After the Snohomish Women’s Half Marathon, I spent about three weeks doing easy, shorter runs. This week, I finally felt the itch to build back up my mileage a little bit and add back in some workouts. The return to routine felt good – I enjoyed the pop of faster running in my legs and how it felt to run normal mileage again. The recovery weeks served their exact purpose of making training feel fun and refreshing again.
Monday: 6 mile easy run
Ryan and I took Ollie out for an easy run on a flat, scenic paved trail. The trail was busy with cyclists, runners, and walkers out for the holiday weekend. Ollie attempted to race a few cyclists, but overall we kept a comfortable pace.
Ryan and I spent Memorial Day brewing our first batch of beer for the year. After chatting with employees at our local homebrew shop, we decided to try brewing out outdoors rather than on our small stove.
Tuesday: 3 miles at tempo (7 miles total)
I prefer long warm-ups and short cooldowns on hard workouts. I don’t mind running for 2-3 miles before the faster running begins, but once the workout is done, I don’t like to cool down for very long. Maybe it’s psychological, but the workout feels better this way. The three tempo miles were in the 7:07-7:10 range on some gentle rollers.
Wednesday: 7 miles easy
Like many of my easy run days, I split this into two parts: 3 miles with Charlie, 4 miles with Ollie. Charlie loves warmer summer mornings and was so excited to run.

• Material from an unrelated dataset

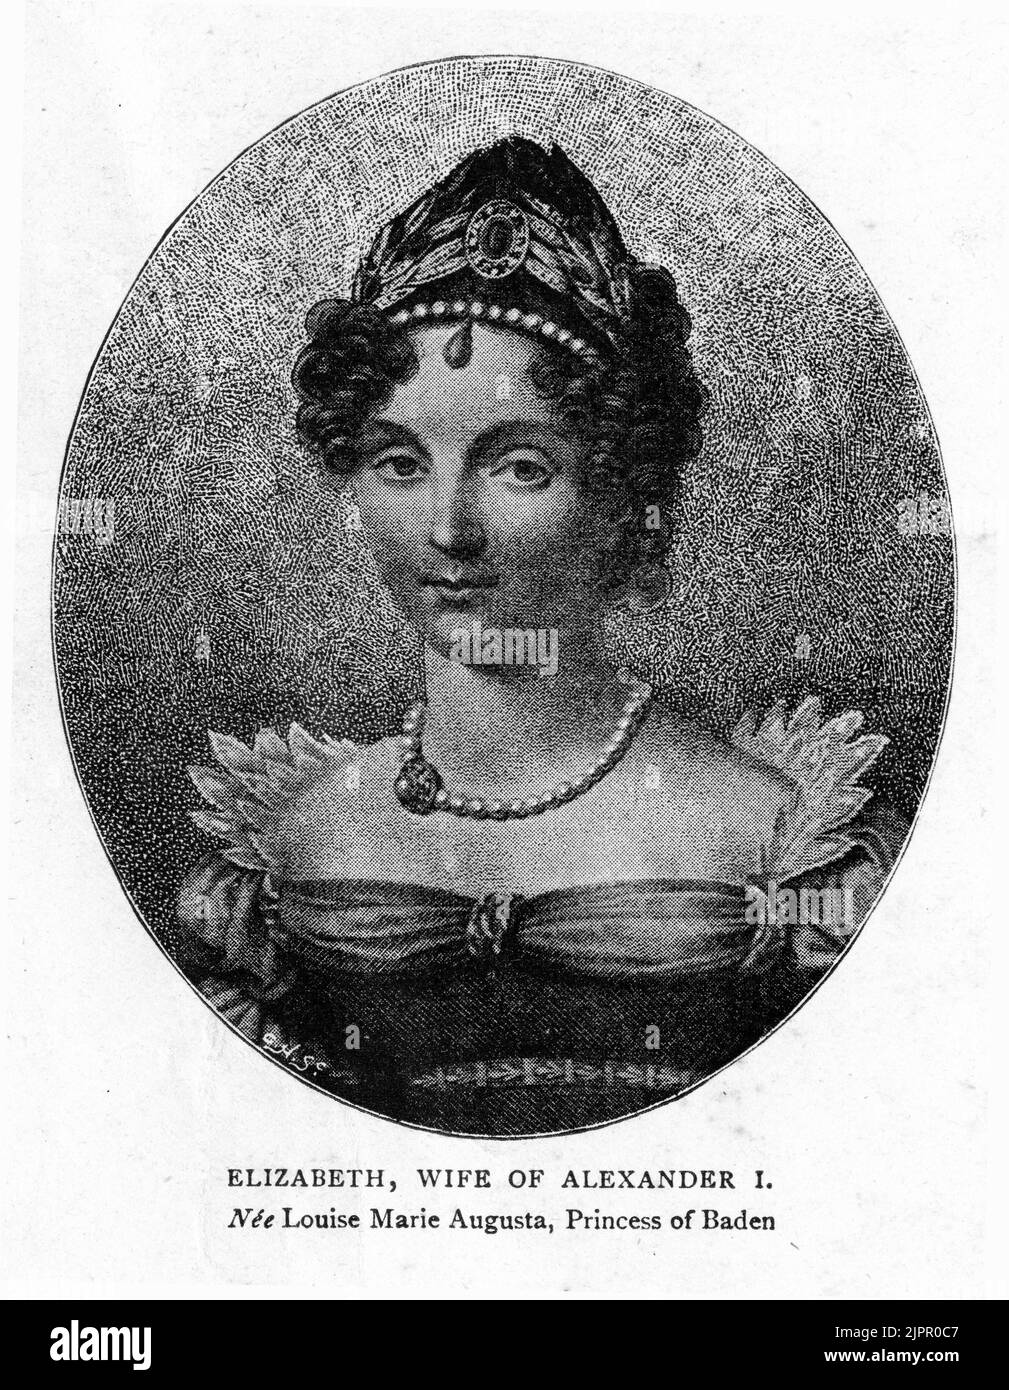 Ritratto inciso della principessa Louise di Baden (1779 – 1826) più tardi noto come Elisabetta Alexeievna, imperatrice di Russia durante il suo matrimonio con l'imperatore Alessandro I. Foto Stock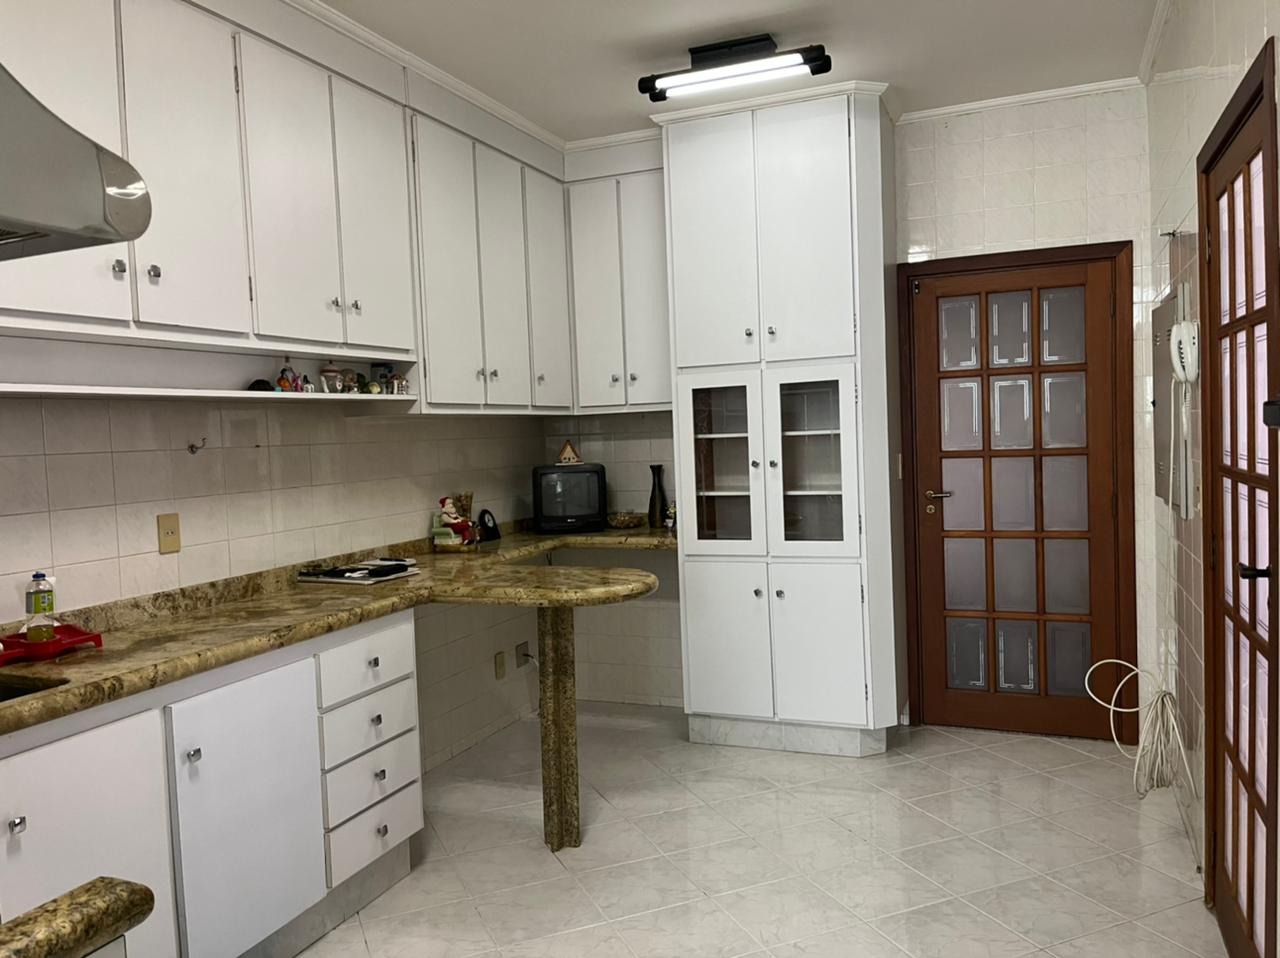 Apartamento à venda, 3 quartos, 1 suíte, 1 vaga, no bairro Cidade Alta em Piracicaba - SP

Thursday: 8 x 2 minute fartlek (7 miles total) & strength training
I plan on running a local hilly 5K soon, so I ran my fartlek along part of the course. Based on the terrain, I ran a 6:13-6:44/mile for the 2-minute repeats.
Strength training kicked my butt in a good way. I had seen on Instagram a kettlebell variation of deadbugs, which I just had to try. Those were hard, in such a good way.
Ryan and I joined a gym, and it’s amazing how much of a difference it makes in my strength training. I’m far more motivated to commit to a longer strength workout with so many pieces of equipment and options for weights.
3 sets of:
5 eccentric pull-ups
10 kettlebell swings (30 lbs.)
10 kettlebell single leg deadlifts (30 lbs.)
10 kettlebell goblet reverse lunges (30 lbs)
5 kettlebell windmills per side (20 lbs.)
10 TRX inverted rows
10 kettlebell deadbugs (15 lbs)
10 side plank twists
5 barbell deadlifts (65 lbs.)
5 box jumps
We went on a long walk, since the weather was too nice not to be outside.
Saturday: 5 mile run & strength training
Our new gym is right along part of the paved trail system, which makes for a convenient workout. Most of our route was under tree cover along a creek leading to a river and the shade was appreciated on an unusually warm morning.
Ryan and I partnered up for our strength session: bench presses, barbell deadlifts, barbell squats, eccentric pull-ups, weighted deadbugs, weighted single leg bridges, box jumps, and TRX rows.
Afterward, we enjoyed smoked salmon scrambles at our favorite brunch spot. I was hungry after the back-to-back workouts!
Sunday: 3 mile easy run
Ryan, Ollie, and I ran three easy miles. My legs were a bit sore from strength training at the start and the run definitely helped relieve the soreness.
How was your week in running?
Do you prefer longer warm-ups or longer cooldowns?